- **Task goal**: Lines from the one containing "Tang Mango Flavoured Juice, 375Gm" through the final line of the records below are needed, copied exactly, with no pictures.

● ● ● ●

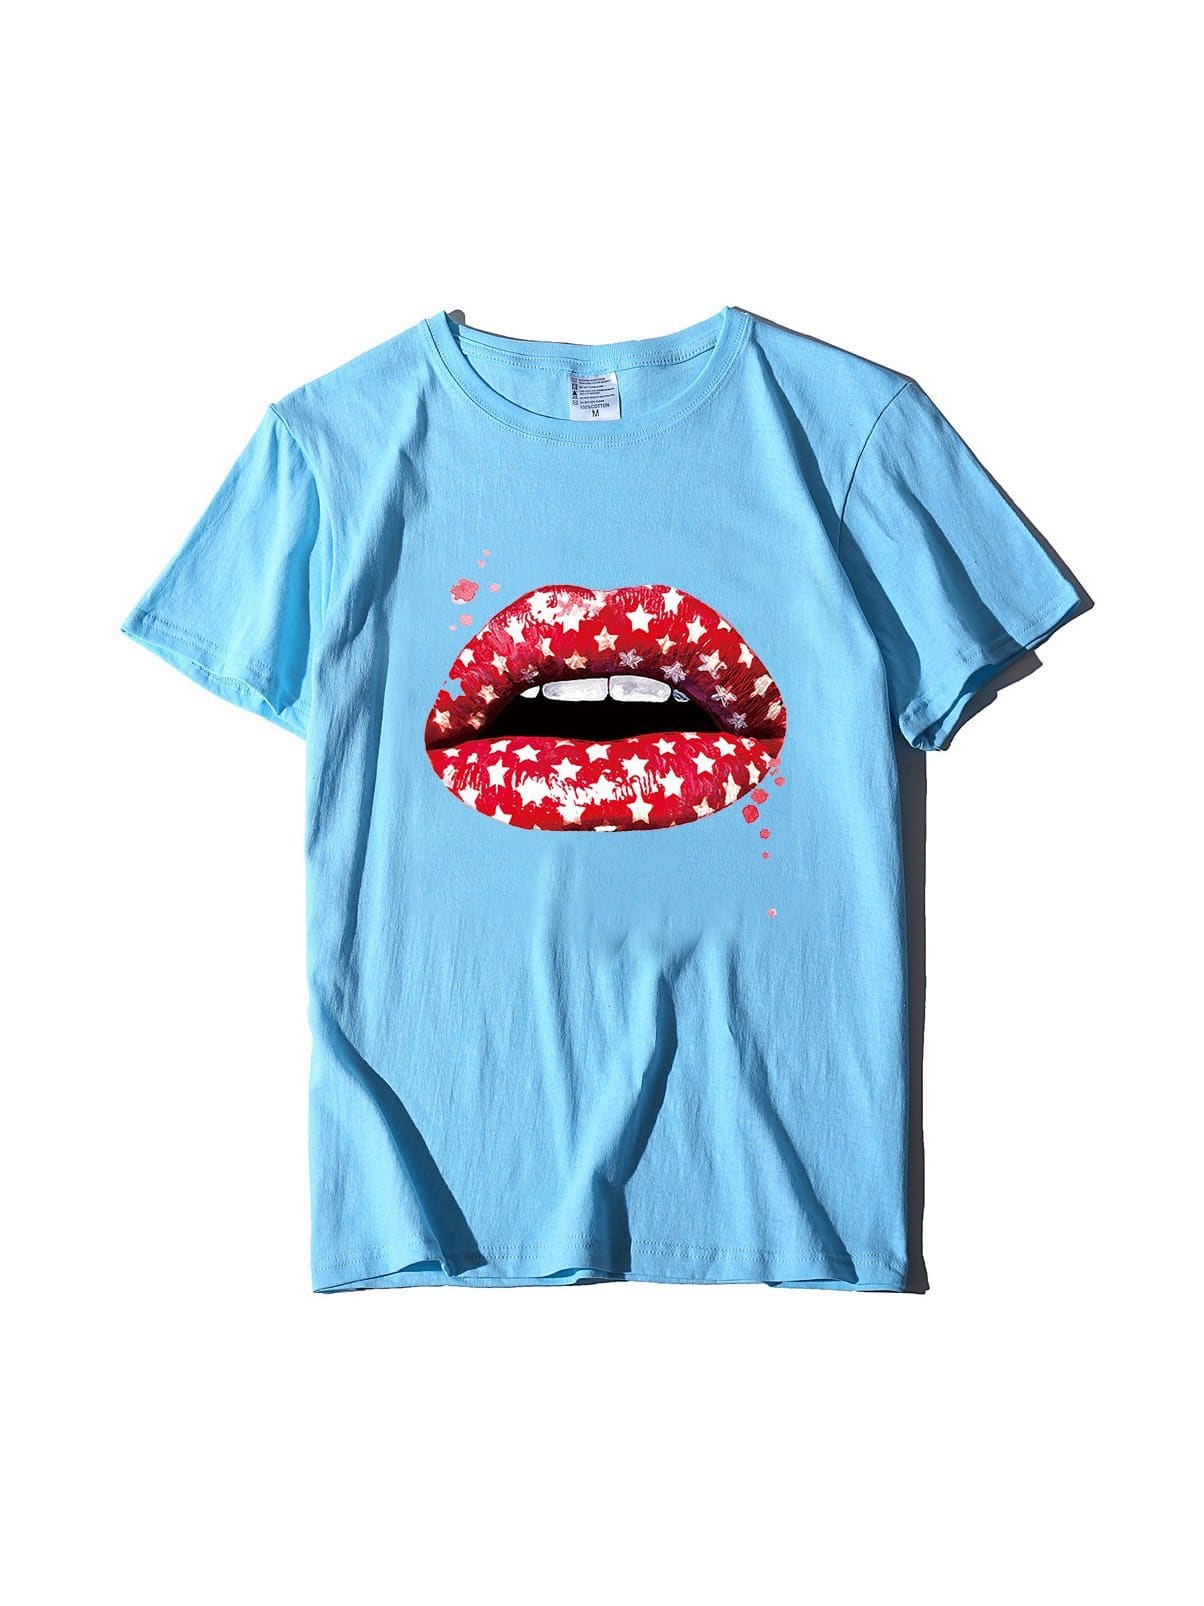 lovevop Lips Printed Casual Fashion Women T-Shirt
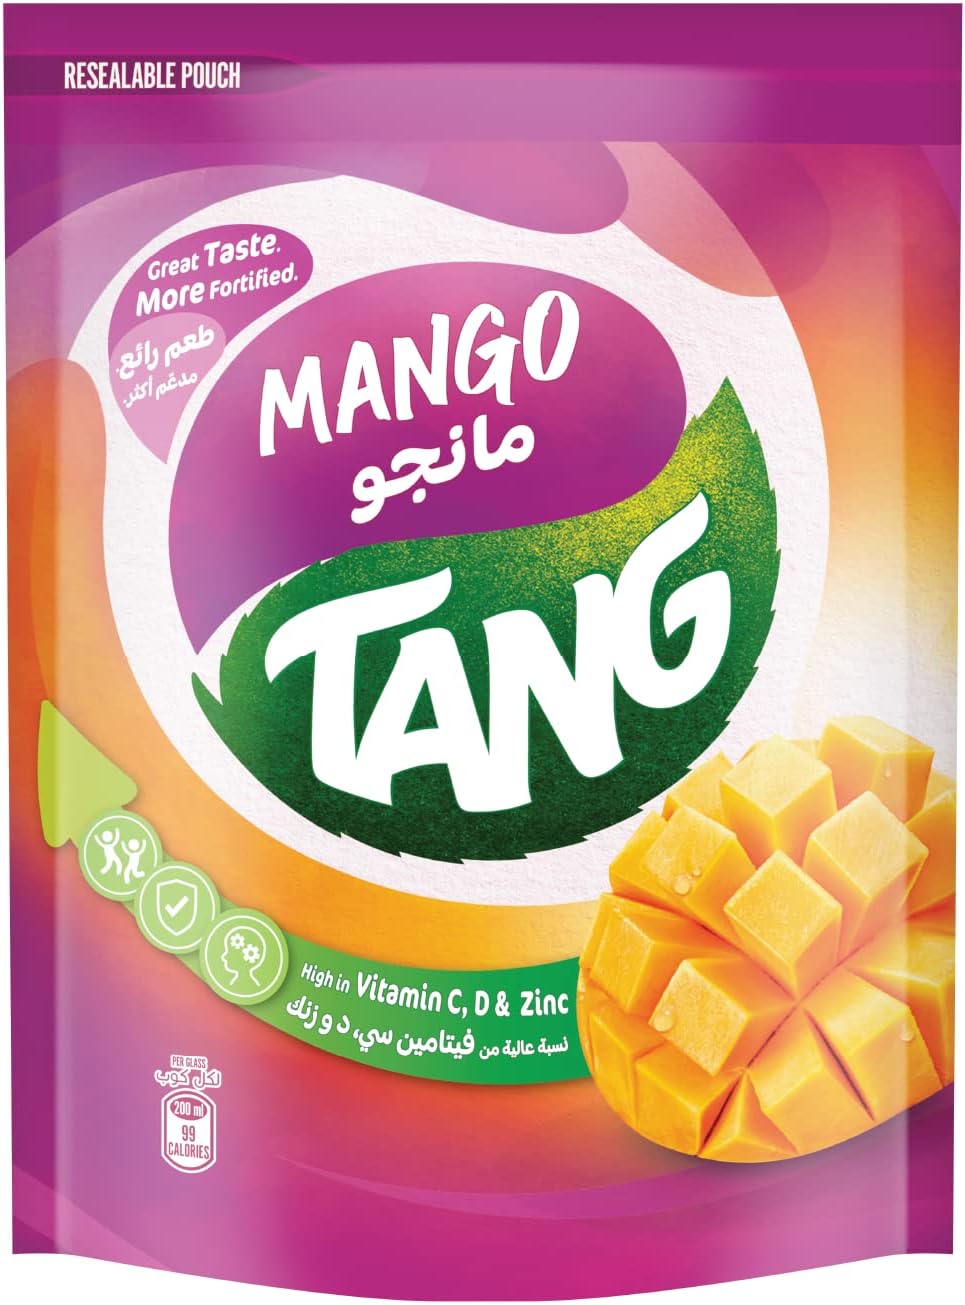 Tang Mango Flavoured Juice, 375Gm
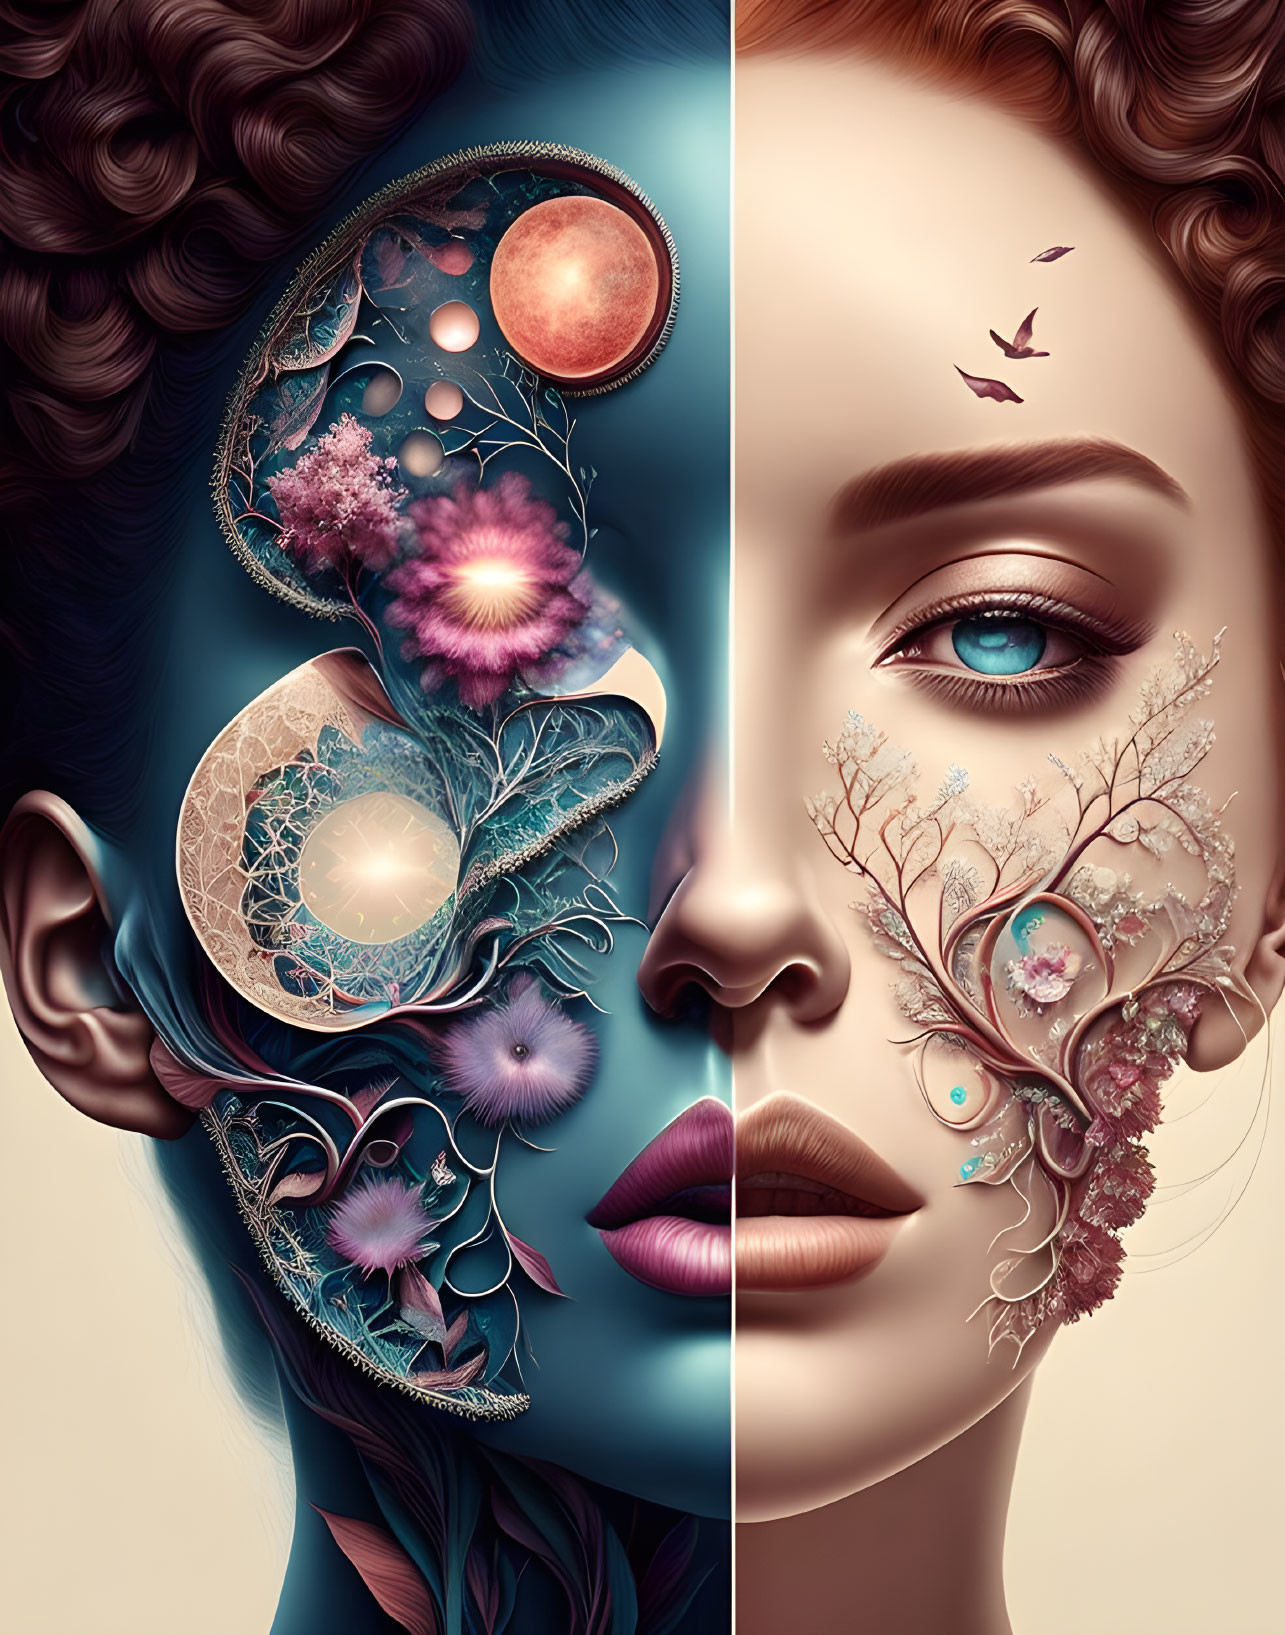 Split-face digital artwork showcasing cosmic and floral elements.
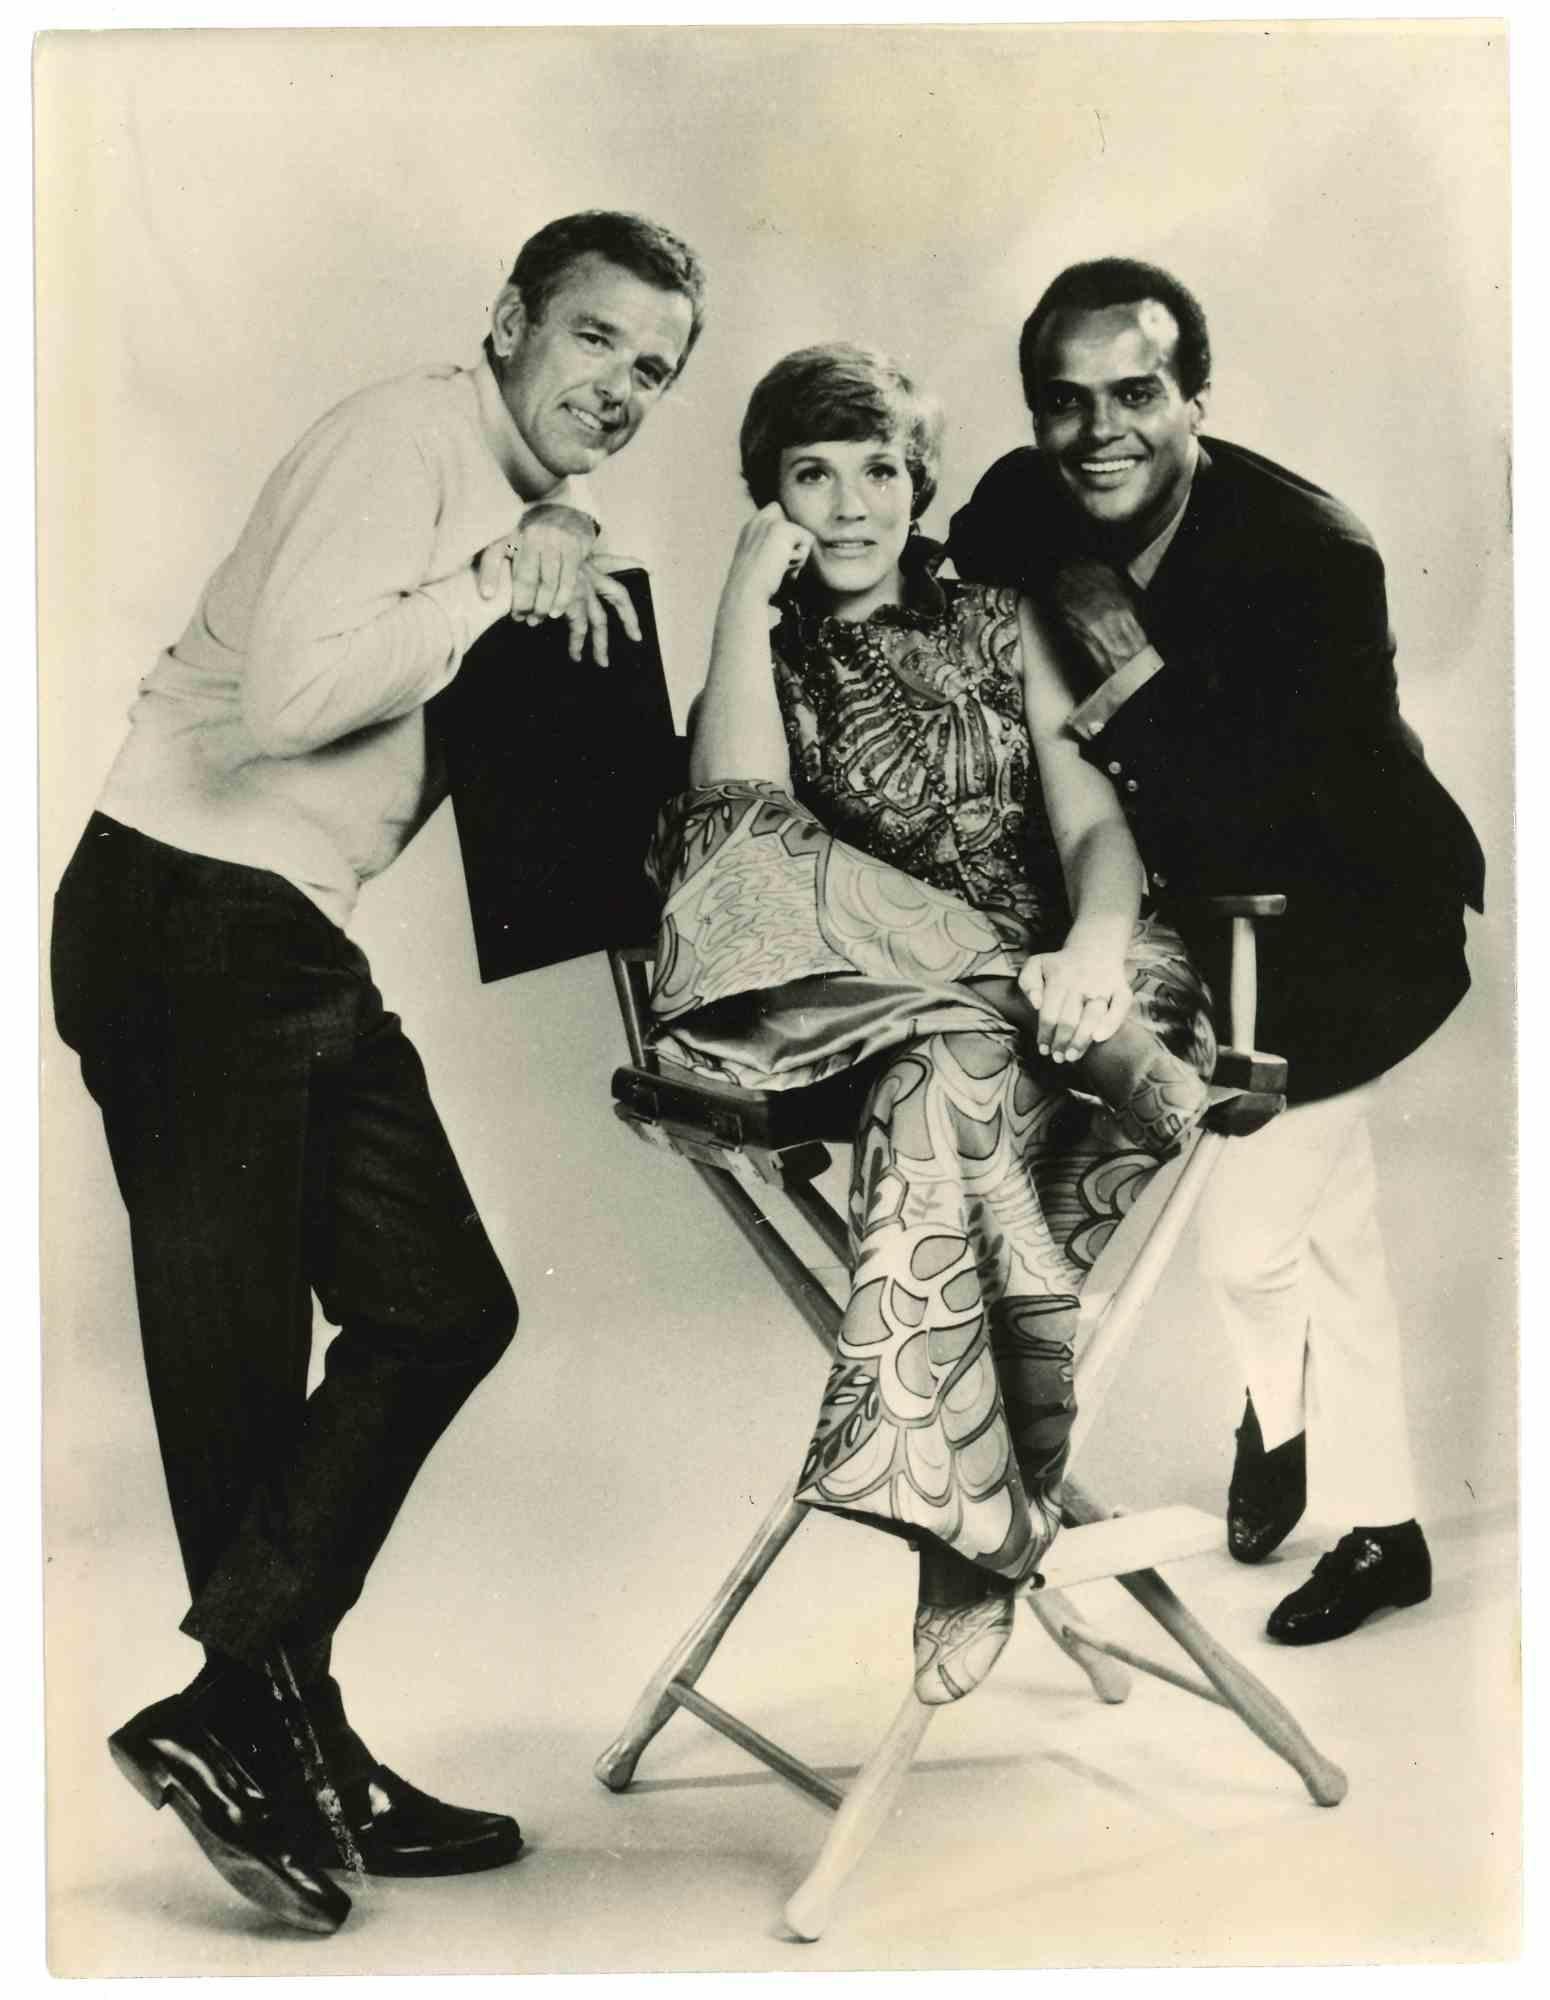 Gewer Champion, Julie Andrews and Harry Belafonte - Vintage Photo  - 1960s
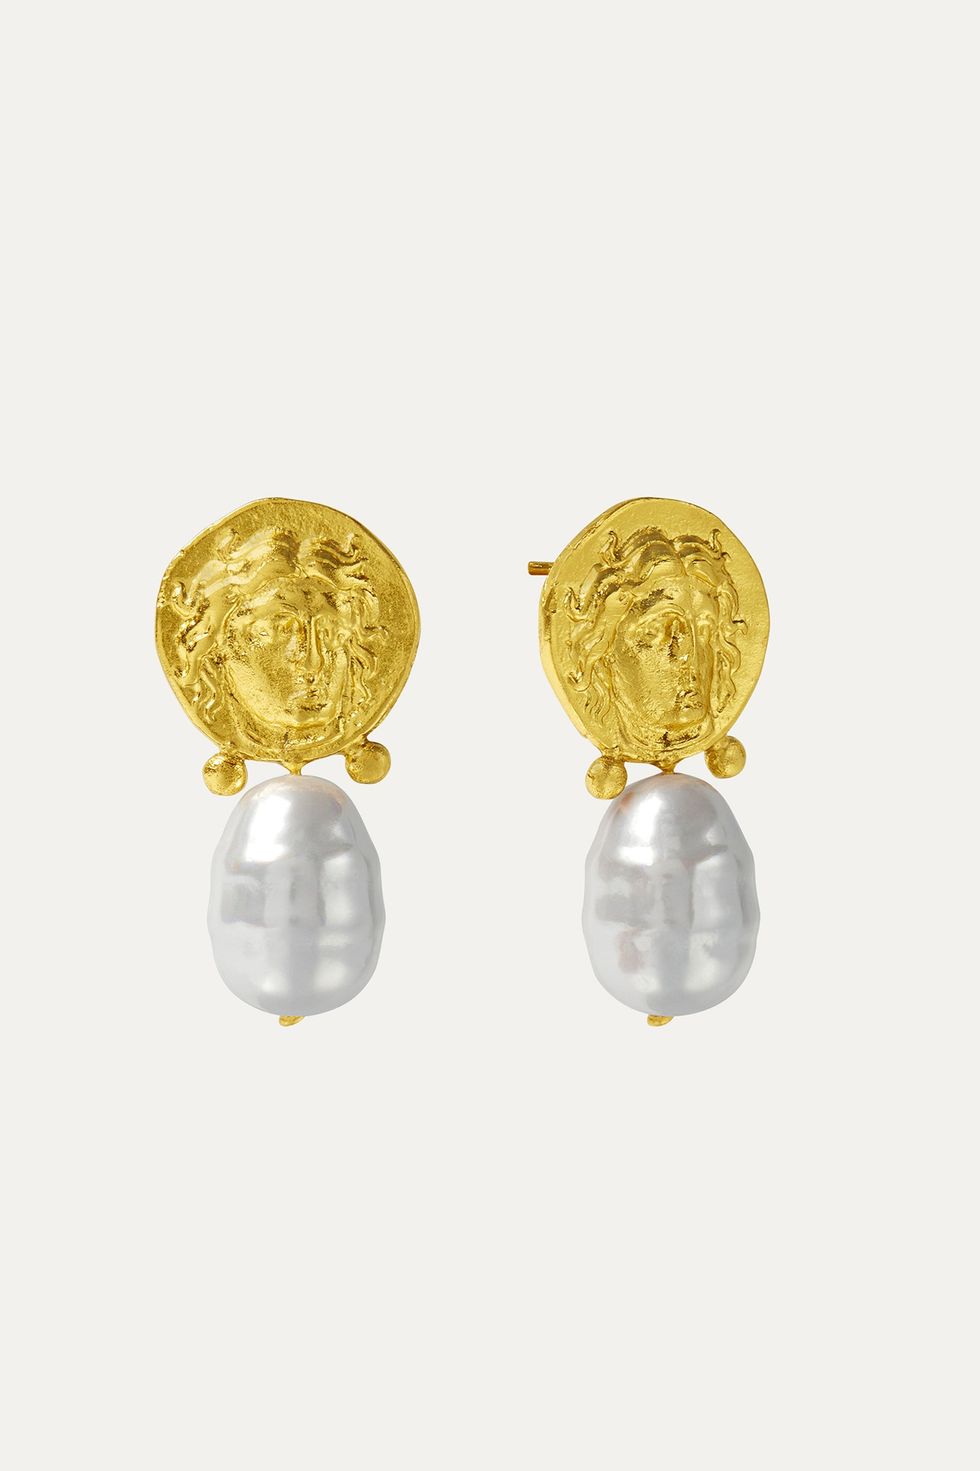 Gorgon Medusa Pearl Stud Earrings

● ● ● ●

- **Solution to the problem**:
 Tang Mango Flavoured Juice, 375Gm
 Split-face digital artwork showcasing cosmic and floral elements.
 Gewer Champion, Julie Andrews and Harry Belafonte - Vintage Photo  - 1960s
 Gorgon Medusa Pearl Stud Earrings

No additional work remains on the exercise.